Consider a memory mapped file. I'm not sure if there is direct support in .NET, but you could pinvoke the Win32 calls.
I haven't actually used it, but this project apparently provides an mmap()-like implementation in C#
Mmap
I'd recommend SQL Server Express or other database.
It's free.
It integrates very well with C#, including LINQ.
It's faster than a homemade solution.
It's more reliable than a homemade solution.
It's way more powerful than a simple disk-based data structure, so it'll be easy to do more in the future.
SQL is an industry standard, so other developers will understand your program more easily, and you'll have a skill that is useful in the future.

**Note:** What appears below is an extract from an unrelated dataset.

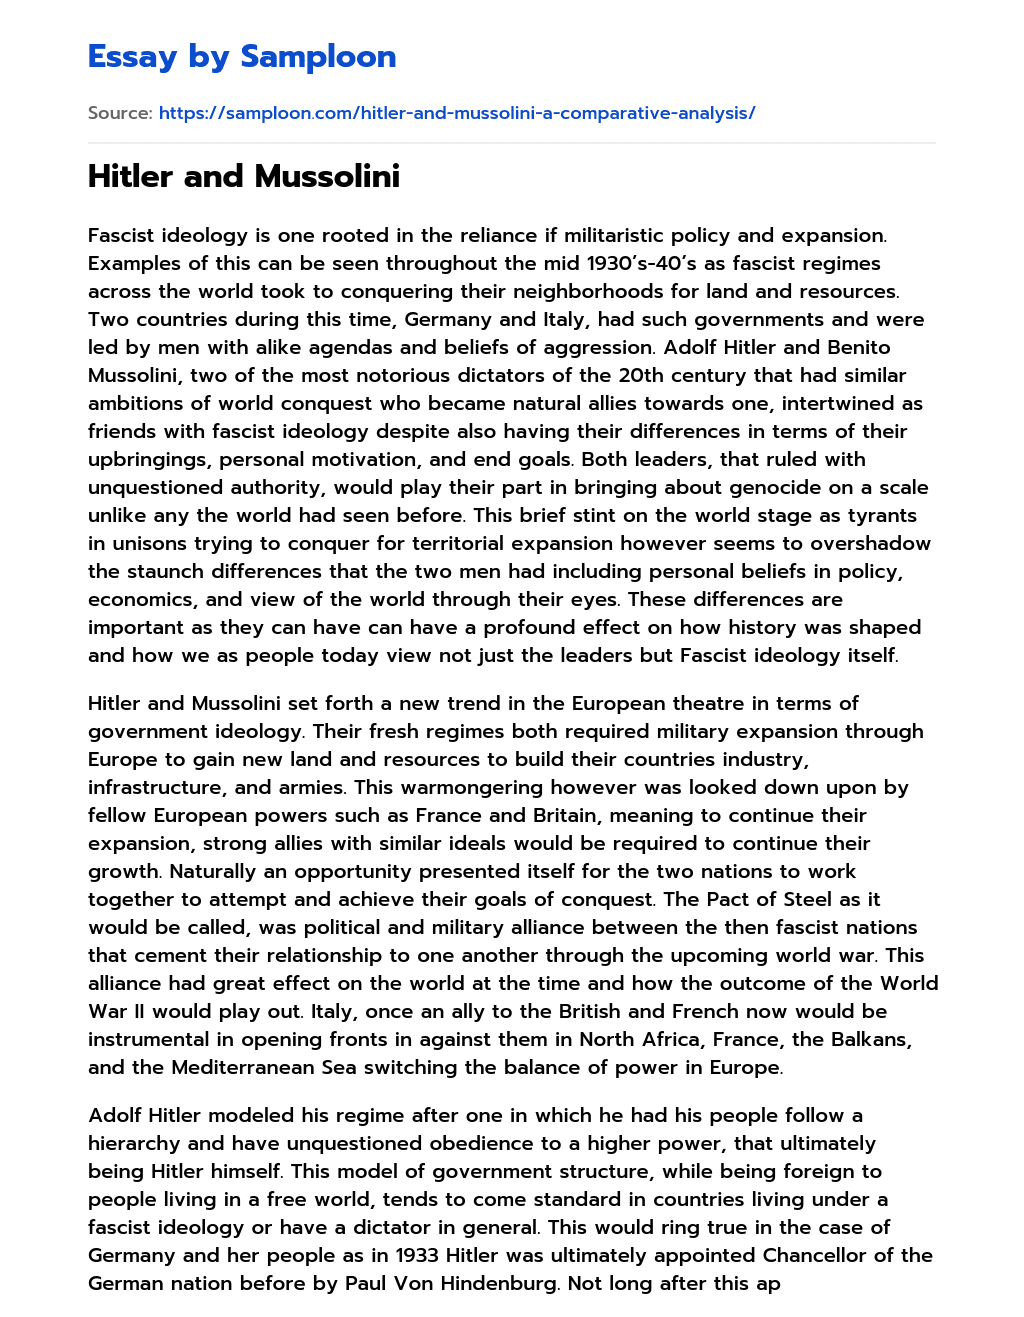 Hitler and Mussolini essay

I am not much of a programmer, but wouldn't creating a really simple XML format to store your data do the trick?
<dico>
<dicEntry index="x">
<key>MyKey</key>
<val type="string">My val</val>
</dicEntry>
...
</dico>
From there, you load the XML file DOM and fill up your dictionary as you like,
XmlDocument xdocDico = new XmlDocument();
string sXMLfile;
public loadDico(string sXMLfile, [other args...])
{
xdocDico.load(sXMLfile);
// Gather whatever you need and load it into your dico
}
public flushDicInXML(string sXMLfile, dictionary dicWhatever)
{
// Dump the dic in the XML doc & save
}
public updateXMLDOM(index, key, value)
{
// Update a specific value of the XML DOM based on index or key
}
Then whenever you want, you can update the DOM and save it on disk.
xdocDico.save(sXMLfile);
If you can afford to keep the DOM in memory performance-wise, it's pretty easy to deal with. Depending on your requirements, you may not even need the dictionary at all.